Throughout this entire hardship, I remained close friends with his sister. He has done her wrong many times. He has even stolen from her. When I first moved in with him she came over and even warned me about him and told me many bad things about him and what he has done in the past to women..this was before him and I even had any major problems so this is why I always felt like I could trust her.. the closer we became, the more stuff she would tell me about him . They barely ever spoke but when they did she was very fake nice to his face..she always told me it was because she wanted to avoid family drama since he is very confrontational and the mother always takes his side (they have some weird rivalry going on from young..the mother is a psycho who always takes his side...she is obssessed with him and favors him and caters to his every need even though he is in his 30sshe has even told me before that it's MY fault he cheated on me..puke!)

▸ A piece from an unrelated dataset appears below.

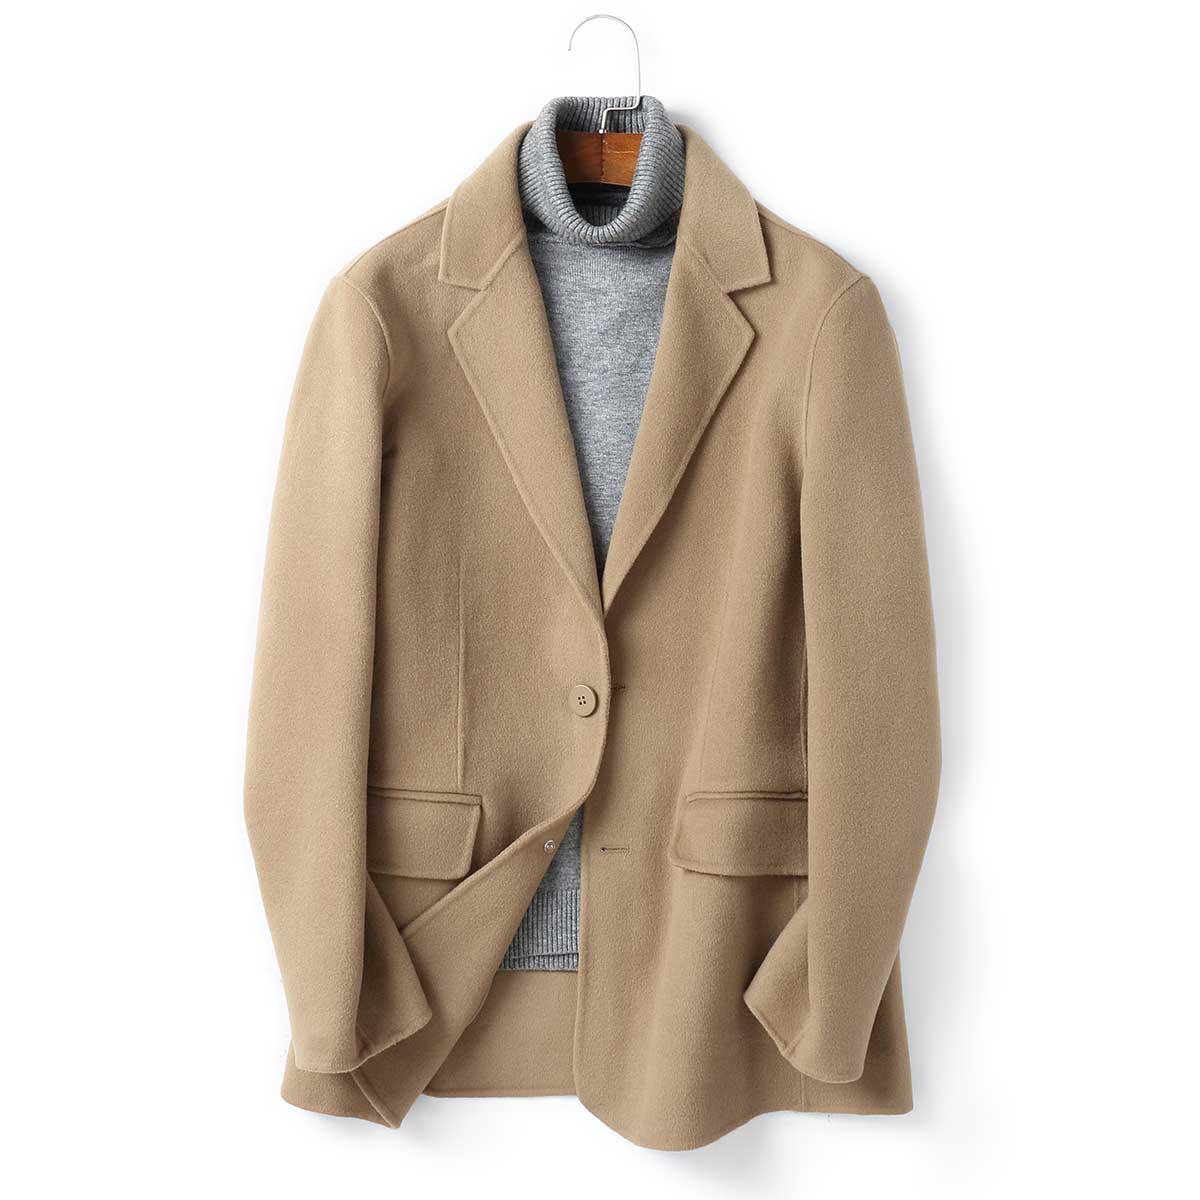 【100%羊毛】春季新款毛呢大衣男短款西服西装上衣双面呢外套
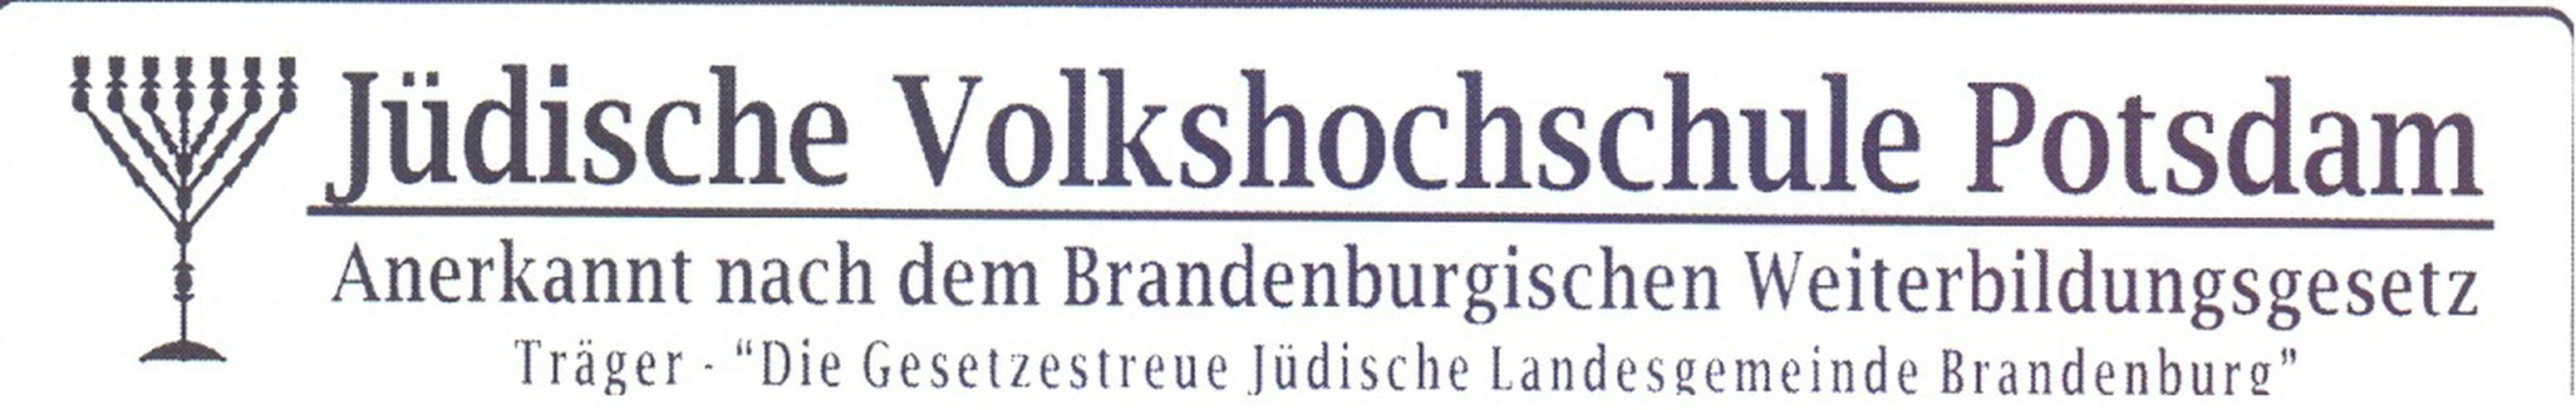 Ehrenamtlicher Lehrer in Potsdam gesucht

While I was with him, his sis and him barely ever hung out but her and I became extremely close. We did everything together...and she was really there for me when we finally broke up..and even all the other times we would break up for a week or two. However, one time we went over to my in-laws for Christmas (him and I were doing well at the time) she got annoyed that my mom was talking to her parents the entire night and that "I was with him at the dinner table the whole night" (our parents were meeting for the first time it was nerve-racking...plus we were about to announce our engagement..which never ended up happening because of all the drama) I thought her attitude was wayyyy out of line. She decided to cuss me out downstairs and start a fight. The whole family heard and it ruined my night! Her brother blamed the whole thing on me when we came home so him and I fought too! Great Christmas! She also send me a bunch of extremely rude texts after.. We had a falling-out after that but became close again later. 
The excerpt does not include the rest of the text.